Rangkuman Materi IPS Kelas 7 Tentang Sosialisasi dalam Masyarakat

 

Budaya tradisi lisan sudah diturunkan dari masa lalu oleh nenek moyang kalian. Cerita rakyat pada mulanya tidak dibuat untuk anak-anak. Namun pada abad ke-19, cerita rakyat dibuat untuk digunakan sebagai bahan pendidikan bagi anak-anak. Seperti cerita Si Pitung dari Jakarta yang mengajarkan untuk kebaikan, tolong menolong, dan berani. Cerita rakyat yang turun-temurun sudah disesuaikan untuk pembaca dan pendengar. Cerita rakyat dapat diklasifikasikan menjadi tiga jenis yaitu mitos (myth), legenda (legend), dan dongeng (folktale).

Jejak-jejak masa lampau sebagai sumber sejarah digolongkan dalam tiga jenis yaitu sumber tertulis, sumber lisan, dan sumber benda (artefak). Sumber tertulis diantaranya prasasti, silsilah keluarga (dokumen tertulis), surat kabar, buku harian, piagam, babad, dokumen, biografi, jurnal, surat, laporan, notulen rapat, dan sebagainya. Sumber benda dalam sejarah yaitu monumen (piramid, masjid, candi, makam, gereja, patung, lukisan), ornamen (relief, gambar-gambar), dan grafis (peta, perencanaan kota, sketsa topografis, sidik jari, tabel statistik, dan lain-lain), dan fonografis (rekaman suara).
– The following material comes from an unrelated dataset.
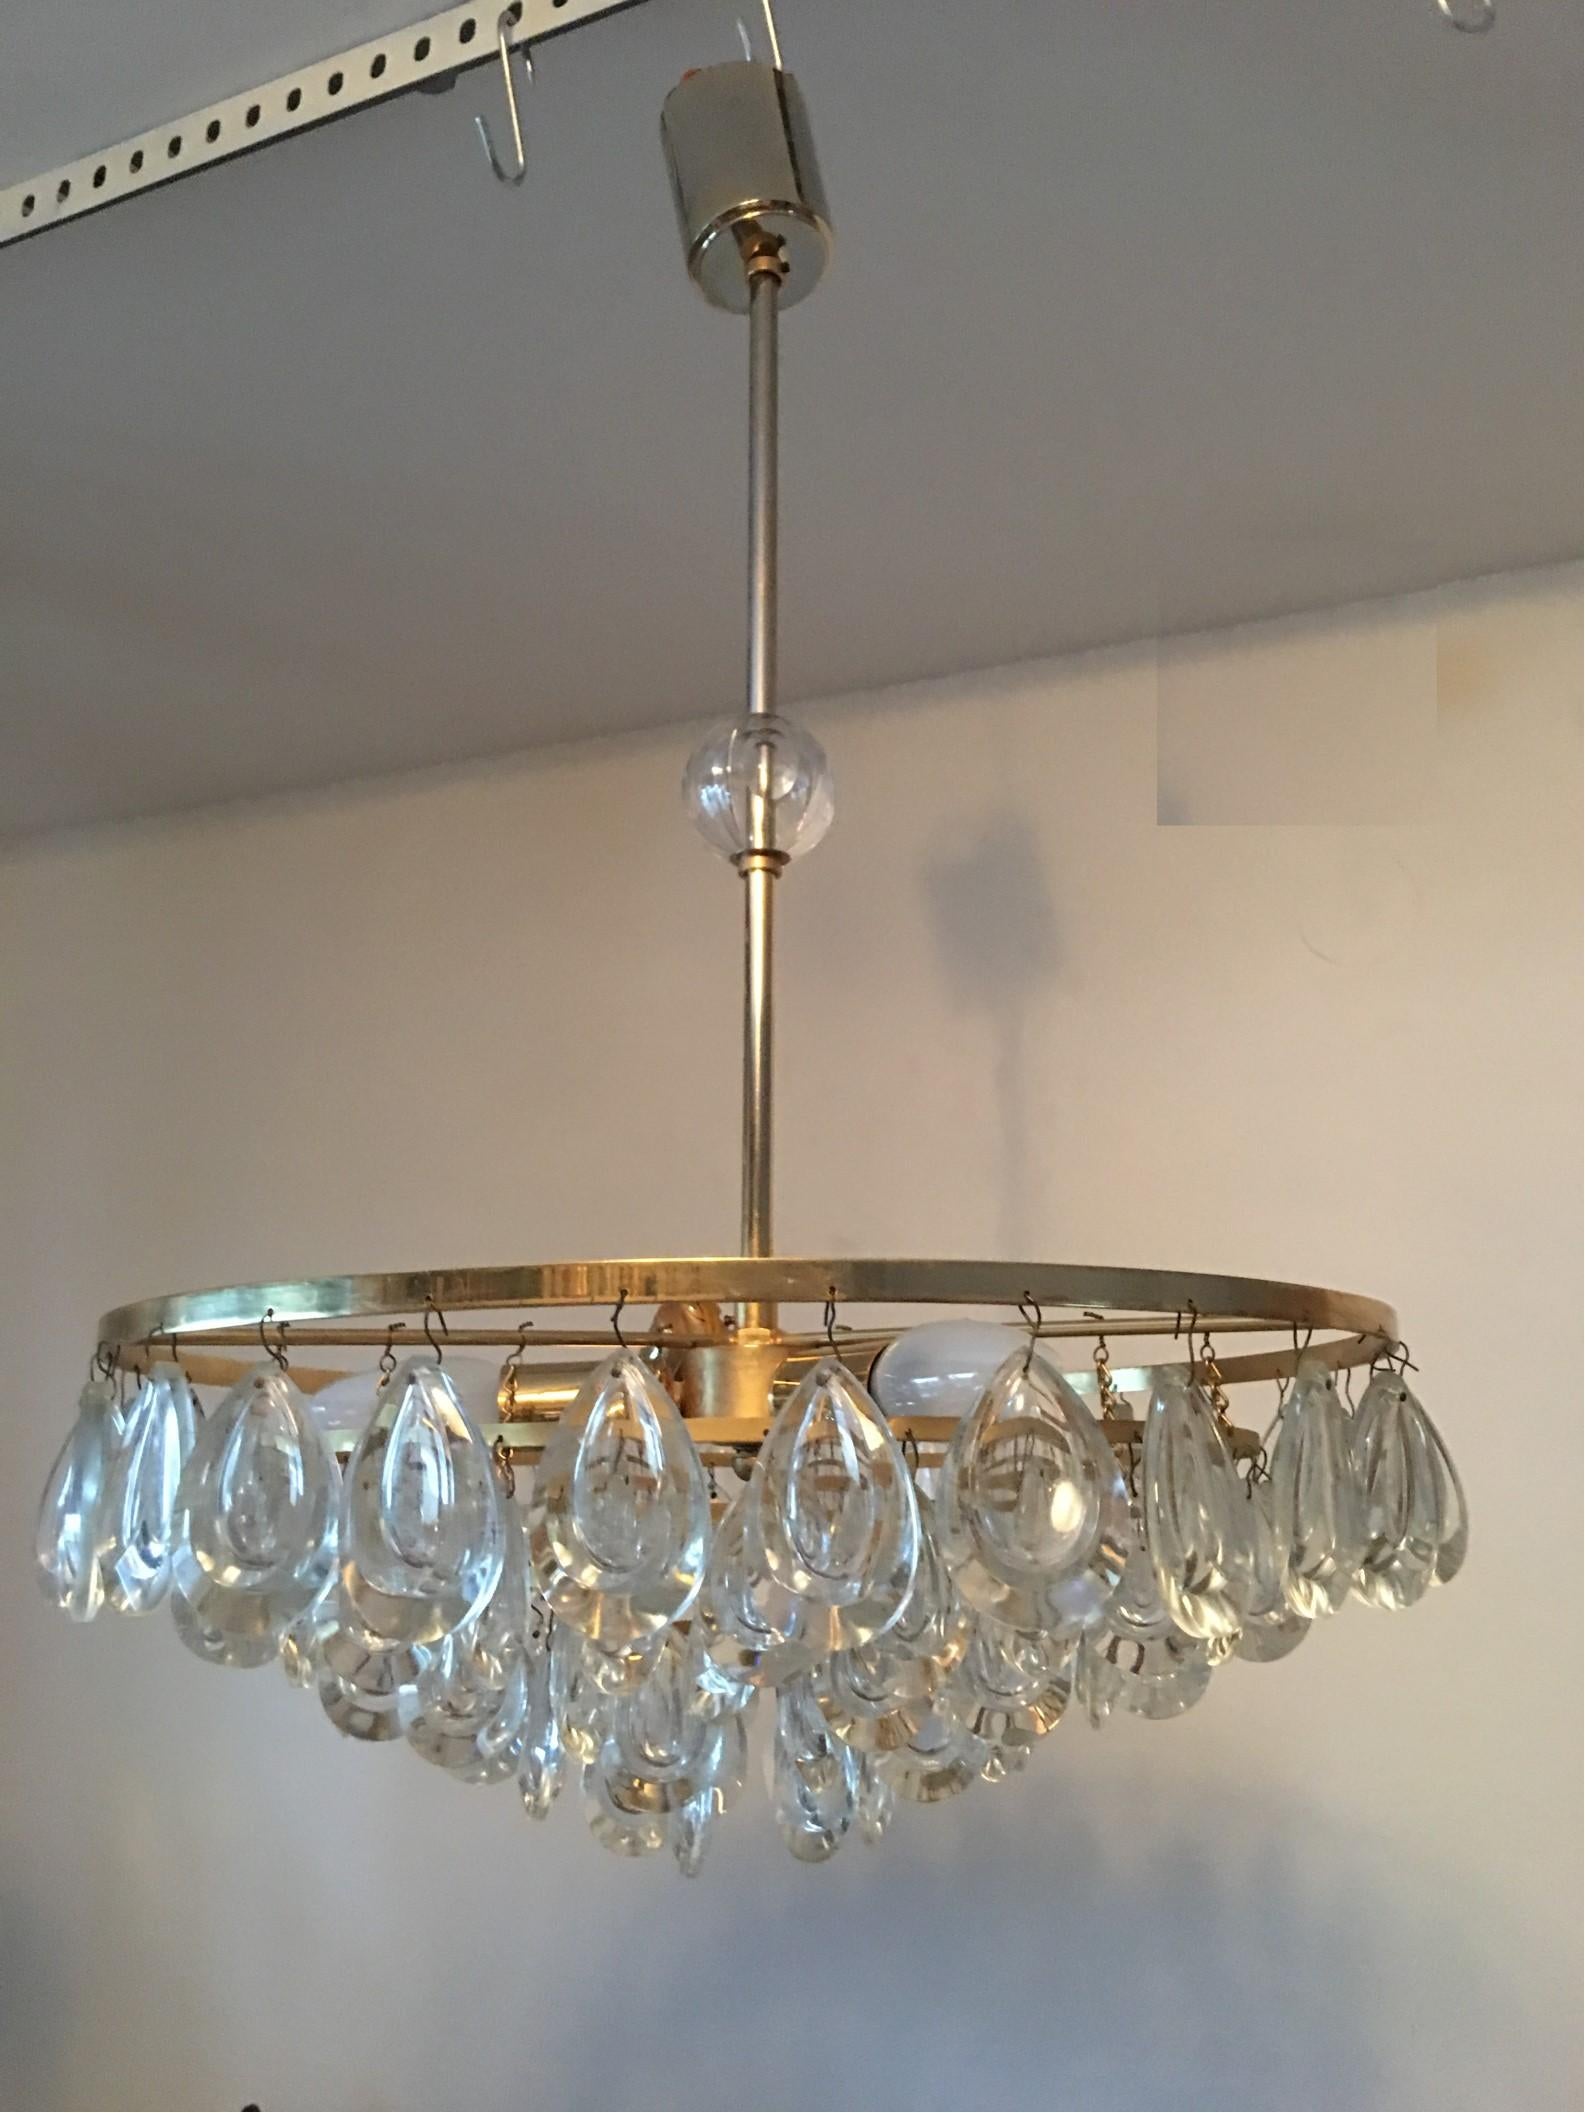 Five-Tiered crystal Glass Drop Chandelier by Palwa of Germany from the 1970s In Good Condition For Sale In Frisco, TX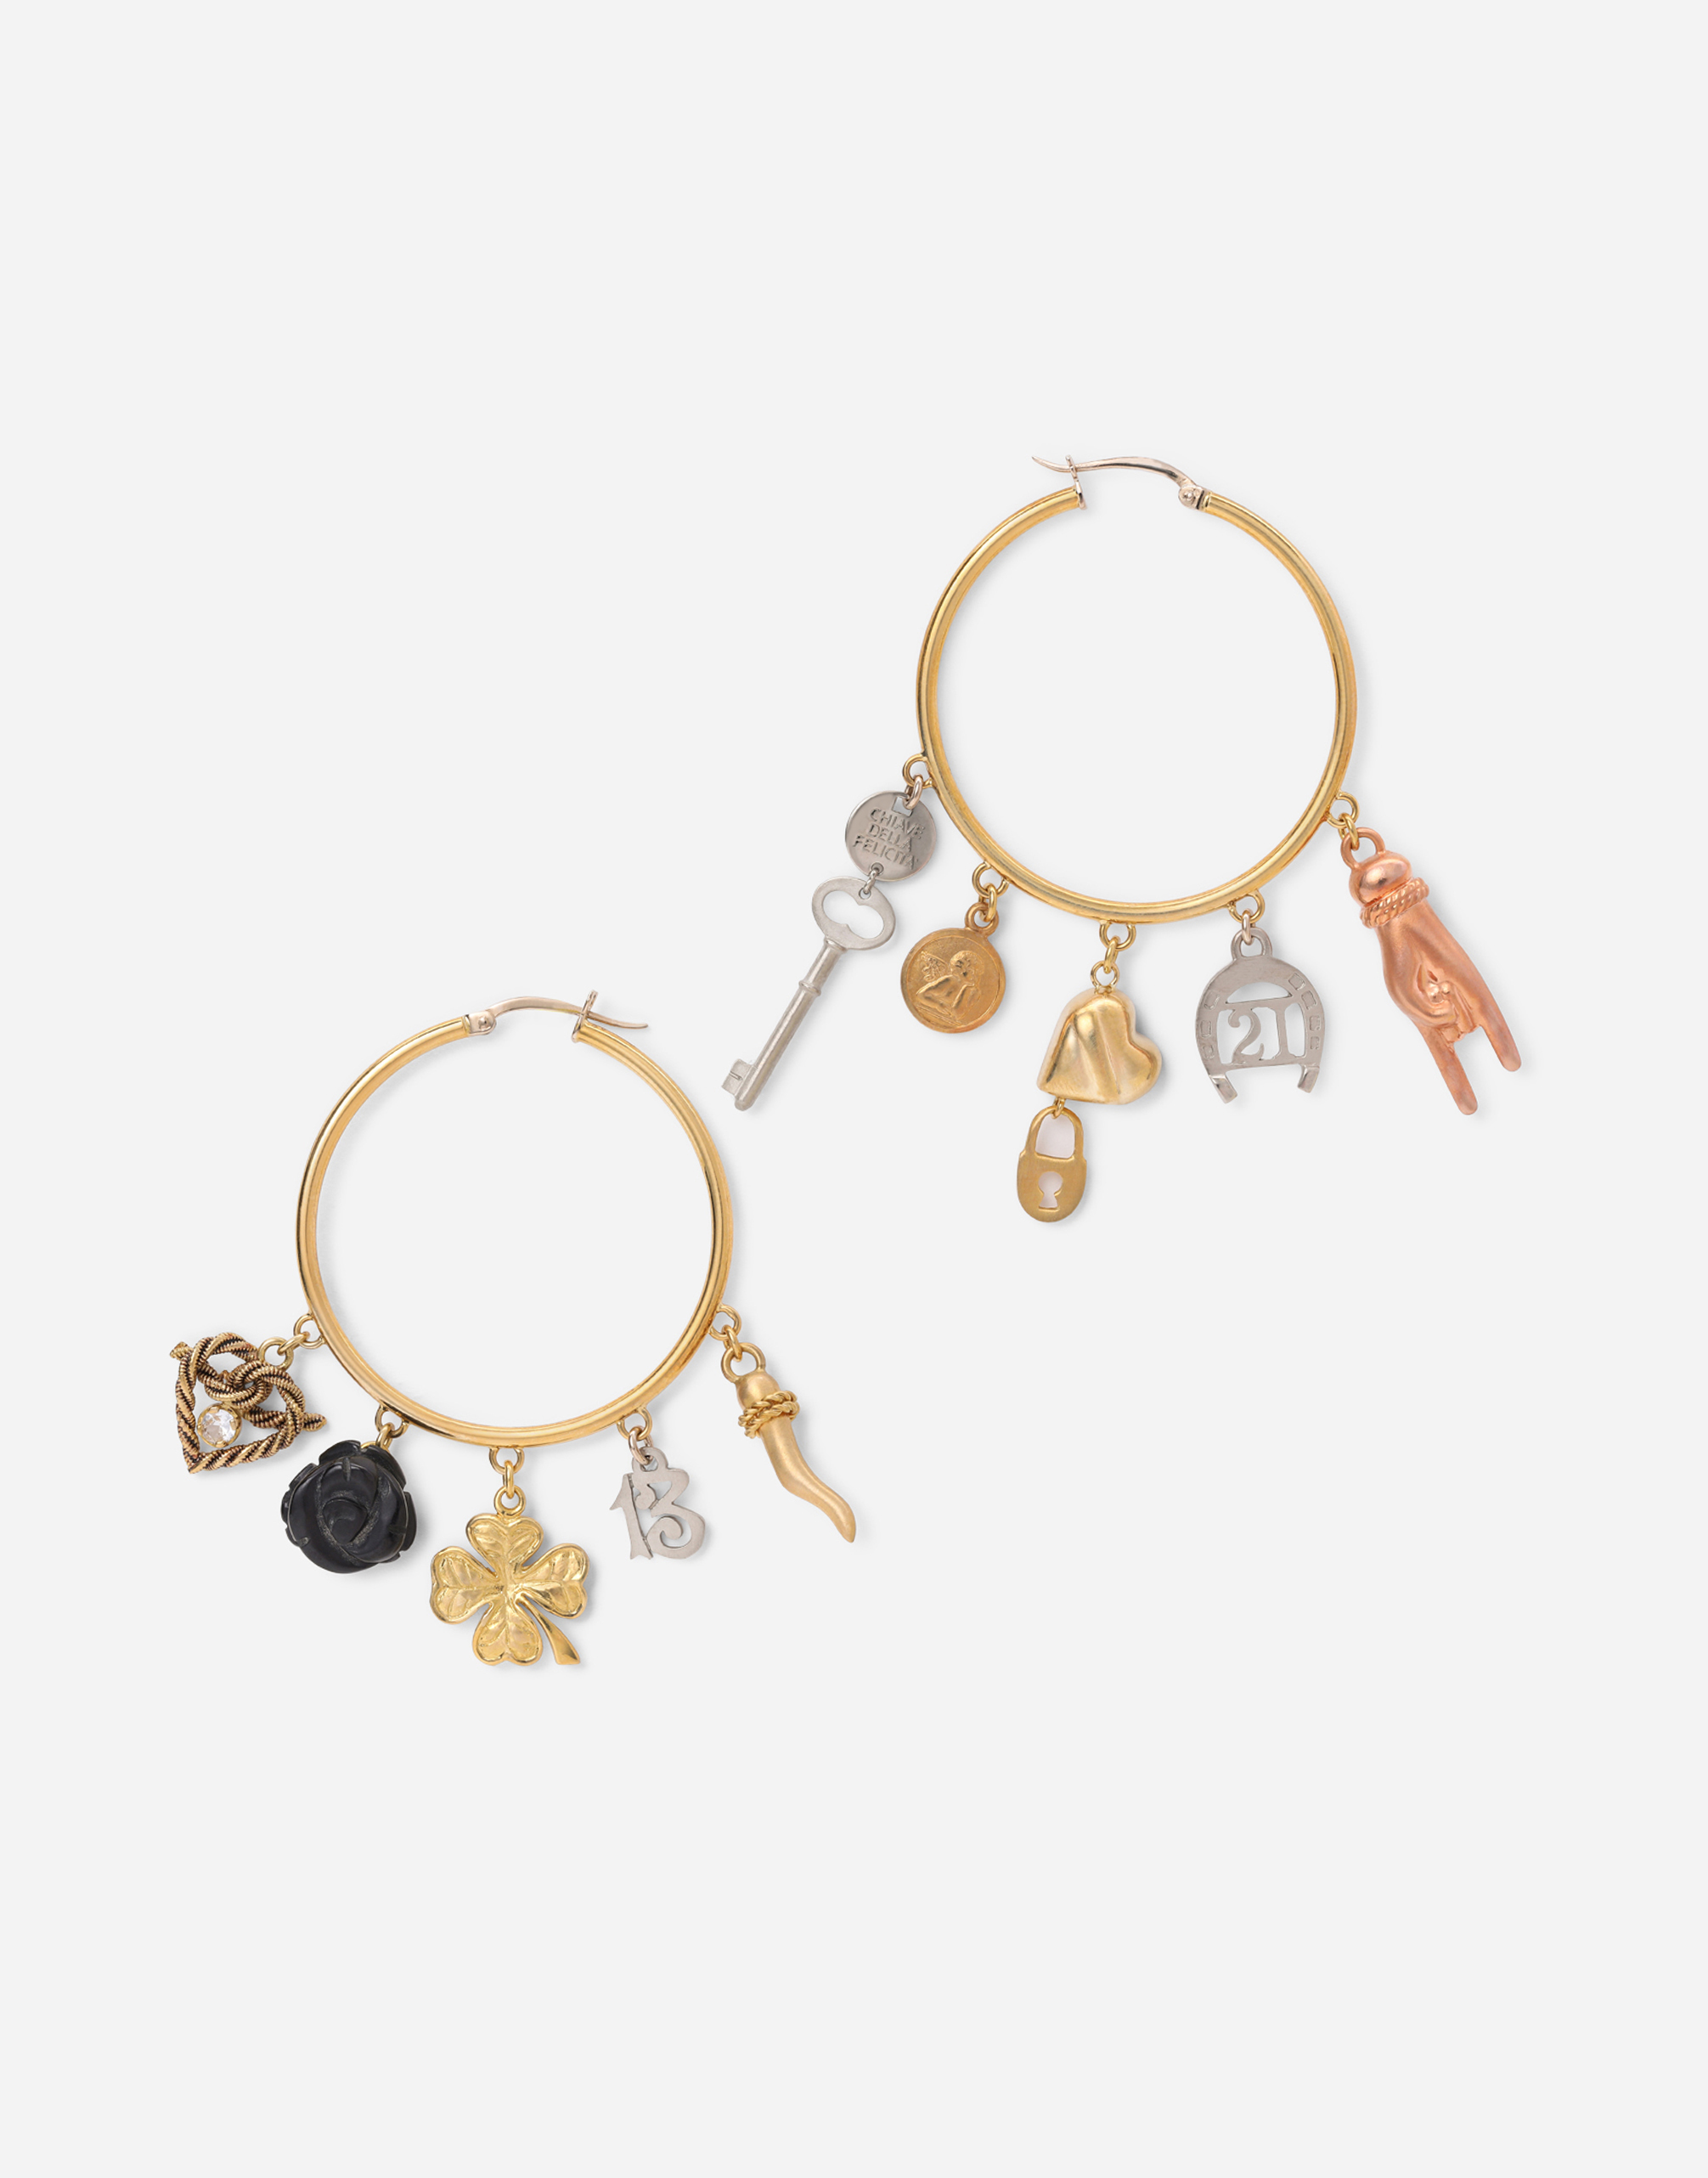 Good Luck earrings in 18kt yellow, white and red gold with lucky charms in Multicolor

Sementara sumber lisan dapat dibedakan menjadi dua jenis. Pertama, kesaksian lisan oleh pelaku yang terlibat secara langsung dalam peristiwa sejarah (oral history). Pada saat melakukan wawancara dengan saksi sejarah direkam dan ditranskripkan ke dalam kertas. 

Sumber lisan yang kedua berupa tradisi lisan (oral tradition), misalnya mitos, legenda, dongeng, dan cerita rakyat. Tradisi lisan lebih sulit untuk dianalisis oleh seorang sejarawan karena perlu menangkap kenyataan di belakang ceritanya yang didukung dokumen seperti arsip atau buku.  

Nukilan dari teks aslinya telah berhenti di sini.